ダメット『思想と実在』

マイケル・ダメット『思想と実在』*1を読んだ。

実在論者は、任意の言明についてその意義をわれわれが把握することは、その言明が真であるということがいかなることであるかの知識に存すると信じている。正当化主義者にとって、言明の意義の把握は、それがいかにして真と認識されうるかにある。

148項

もちろん、ダメットは後者の正当化主義者の立場に立ち、(この文脈で言う)実在論者を批判している。そして、ダメットが実在論者のどこがおかしいと考えているかといえば:

すなわち、その述語がある対象についてあてはまるということがどのようなことであるかの知識からなる。この知識は、何ごとかをなる仕方についての知識として説明されえず、中間的な種類の知識としてすら説明されえない。それは救いがたいほどの命題的な知−いやしくもその知識をもつとすれば、それを表現できるということによってしかもちえない理論的知識−である。循環性が生ずるのはここからなのである。

96項

ダメットもこの本のどこかで書いていて、デイヴィドソンにも共通している「やり口」なのだけど、知識を持つとはどういうことか信念を持つとはどういうことか言葉を理解するとはどういうことか、といった問いについて、少なくとも、しばしば一人称的な見方をせず、三人称的な問い方をする。つまり、私がある人にその人はこれこれの知識(あるいは信念や理解)を持っているということを帰属させるのはどのようによってか? という問いを立てる。

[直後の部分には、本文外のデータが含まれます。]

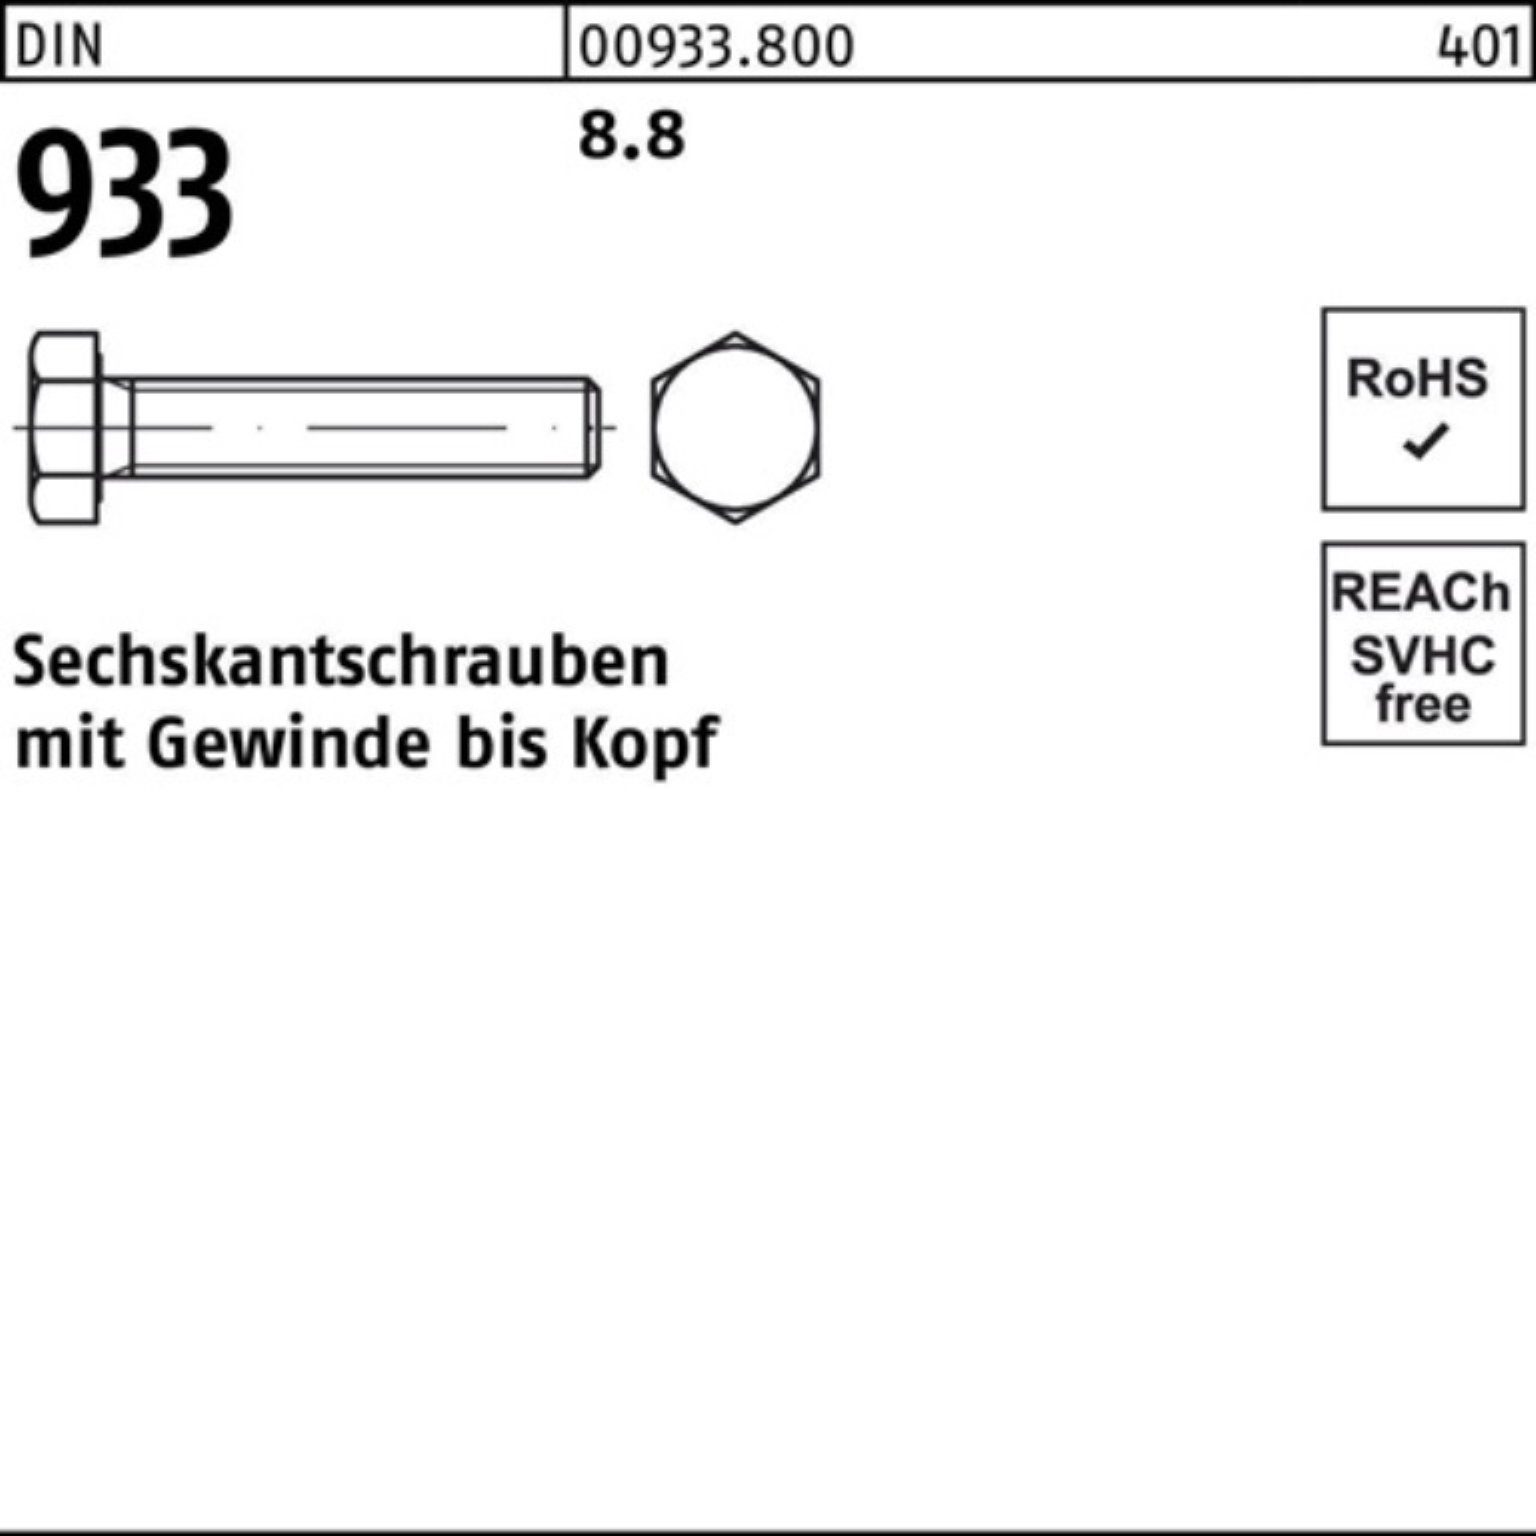 Reyher Sechskantschraube 100er Pack VG 933 DIN DIN 1 180 Stück M27x 933 8.8 Sechskantschraube

そして、ダメットによれば、「救いがたいほどの命題的な知」を他人に有効に(?)帰属させることはできないはずなのだ。これがなぜなのかは、僕にはまだちょっと分からない。

たぶん、大雑把には、人がある文を主張していて、その帰結としていくつものもっともらしい文を、またその根拠としていくつものもっともらしい文を並べ立てたとしても、それによって分かるのはせいぜいその人がそれらの文の関係・構造をどのように把握しているかであって、それだけではその人が実際に何を考えているのかは分からない*2、ということにその批判の根拠はあるのだと思う。これに表出論証や分子的言語観を組み合わせて、裏打ちするのがダメットの議論なのだろう。


ただ、ダメットはこの本でも、また、この本の序文で本人によってはっきりと述べられているところによれば『真理と過去』*3でも、真であるような命題ないしは文のクラスを実在論者に譲歩するような形で拡大して、正当化主義を修正している。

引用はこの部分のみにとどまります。